The first step of conventional publishing is to query a literary agent.  You send a letter to the agent with a blurb describing what your story is about, and often some number of pages as well.  I've sent out over a hundred, which was my goal for the year.  And I've had seventy-two lovely rejections, mostly form letters.  But I did get a couple encouraging ones saying they liked it.  One even gave me some tips for revising, which I took.  I also ditched my prologue, which stung, but I got more positive responses after that.  When you've got five pages to impress someone in, you don't want to blow one on prologue.

But I did get eight positive replies, meaning they asked for more pages or the whole manuscript.  Four of them read it and wrote back that they weren't interested after all, and four are still reading it.  I wish I knew how long it would take.  I'm not submitting any more at present, because I want to give them a chance to read it, but I will probably get back to it soon if I don't hear anything.

This is the achievement I'm proudest of this year!  Even if I don't publish this book, I now know how to navigate the query process and have overcome my fear of letting people read my stuff.  It will probably be at least six months before the alien story is ready to query, but I will do that too, and with a lot less trepidation.

So, what about next year?  I tried to think of a word but drew a total blank for awhile.  Then I thought of a day I had last week.  I had talked to a friend, who told me, "You still seem very overwhelmed, and really anxious."  Which was more shattering than maybe it should have been.  My focus has been really heavily on, "but I'm doing so much better!"  And I am.  But I'm still just getting by in a lot of ways.  And anxiety?  Well, that same day I lost a lot of sleep thinking about ever moving from our house.  The very thought that anything could ever change made me panic.  I don't like that about myself.  I used to be so fearless, so excited for change!  Now our life feels like a very precarious balance that can be totally derailed by almost anything.

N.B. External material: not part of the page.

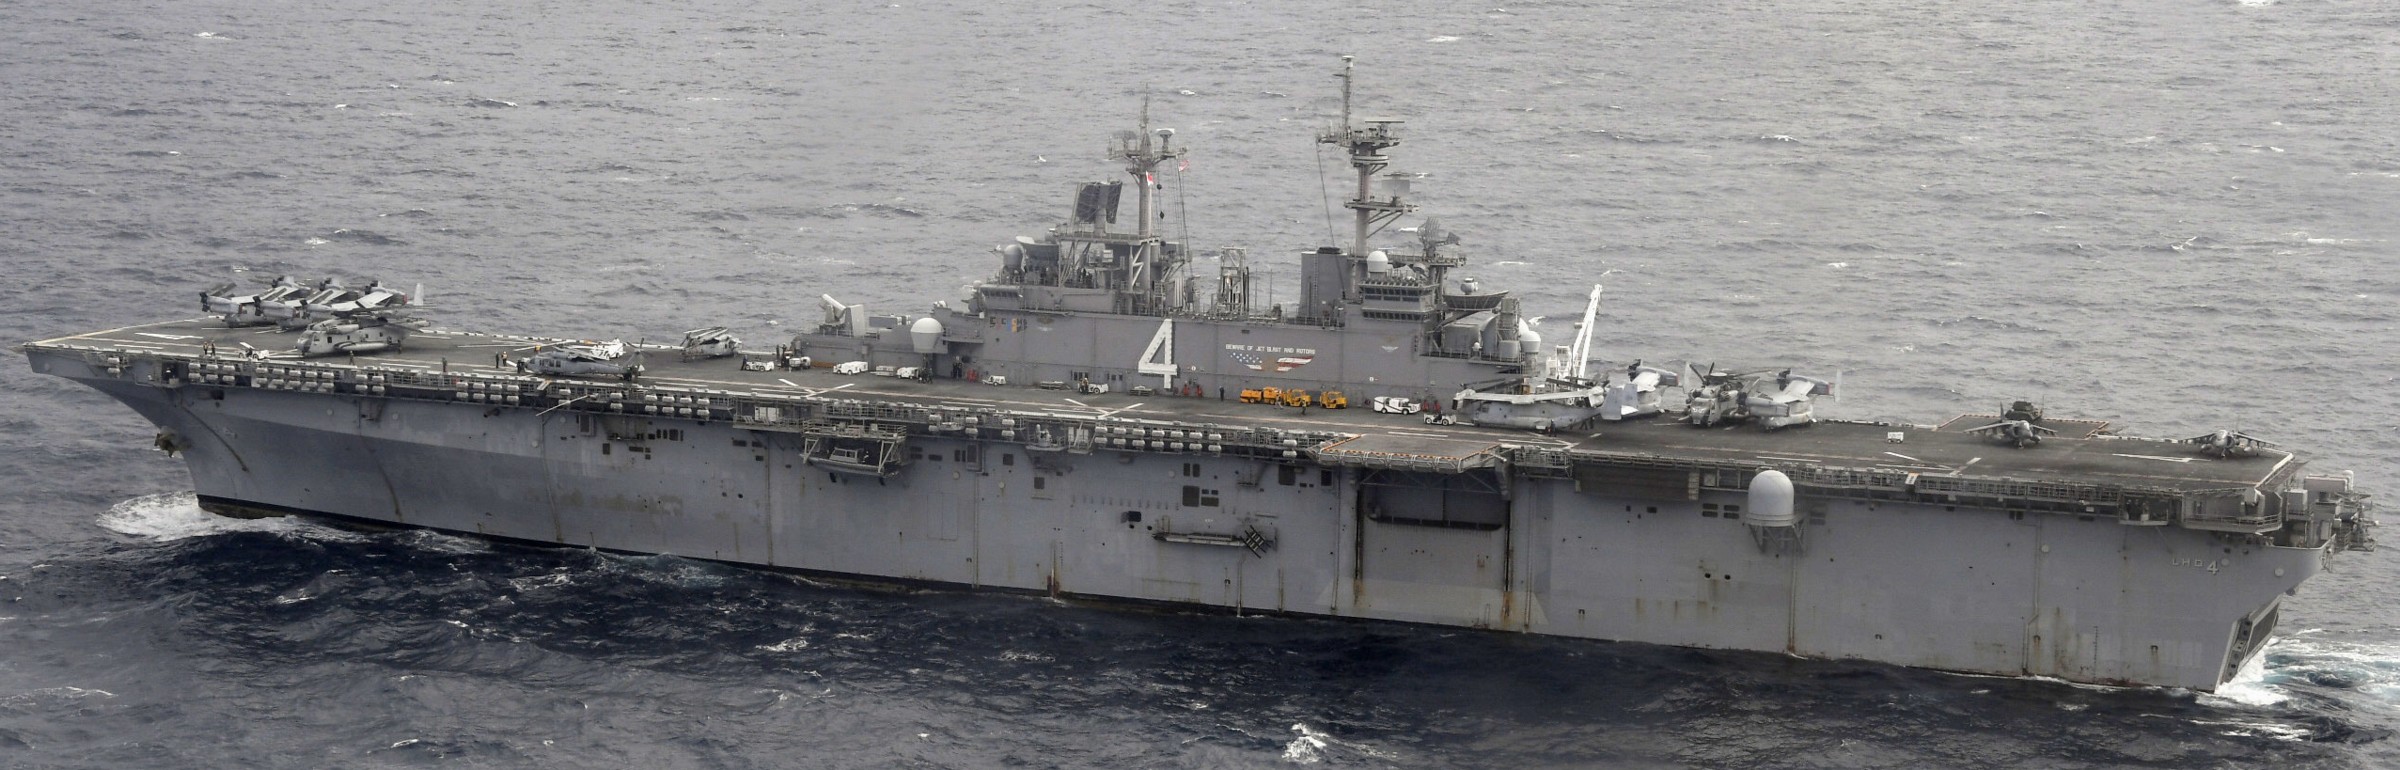 lhd-4 uss boxer wasp class amphibious assault ship landing helicopter dock us navy vmm-163 marines 135

Partly it's true, because a family of six people is a complicated machine.  But partly I'm still traumatized by 2016.  I feel like any change is guaranteed to be for the worse.  And moving?  Our move was a horrible experience that, years later, makes me never want to do it again.  I feel like I got changed somehow, from a free spirit who was willing to set out to whole new cities without fear, to somebody huddling under the bed hoping that nothing will ever change.  Even though there is a lot that's uncomfortable about my life!  This town isn't exactly ideal for me and we don't have enough money.  A move might be good, but I'm just too scared.

So of course after thinking of all this the word "brave" popped into my head.  I don't like that word.  I want to pick something else.  But I think it's occurring to me for a reason, which is that I am not really happy huddling under the bed.  "Brave" is going to mean working on my anxiety, which is better but still a problem.  Maybe facing new things, whether a move or a new job or something smaller.  I've been way braver this year in a lot of ways, from daring to take the kids places to calling strangers on the phone -- I want to do more of that.

Wish me luck!  Do you have a word for the year?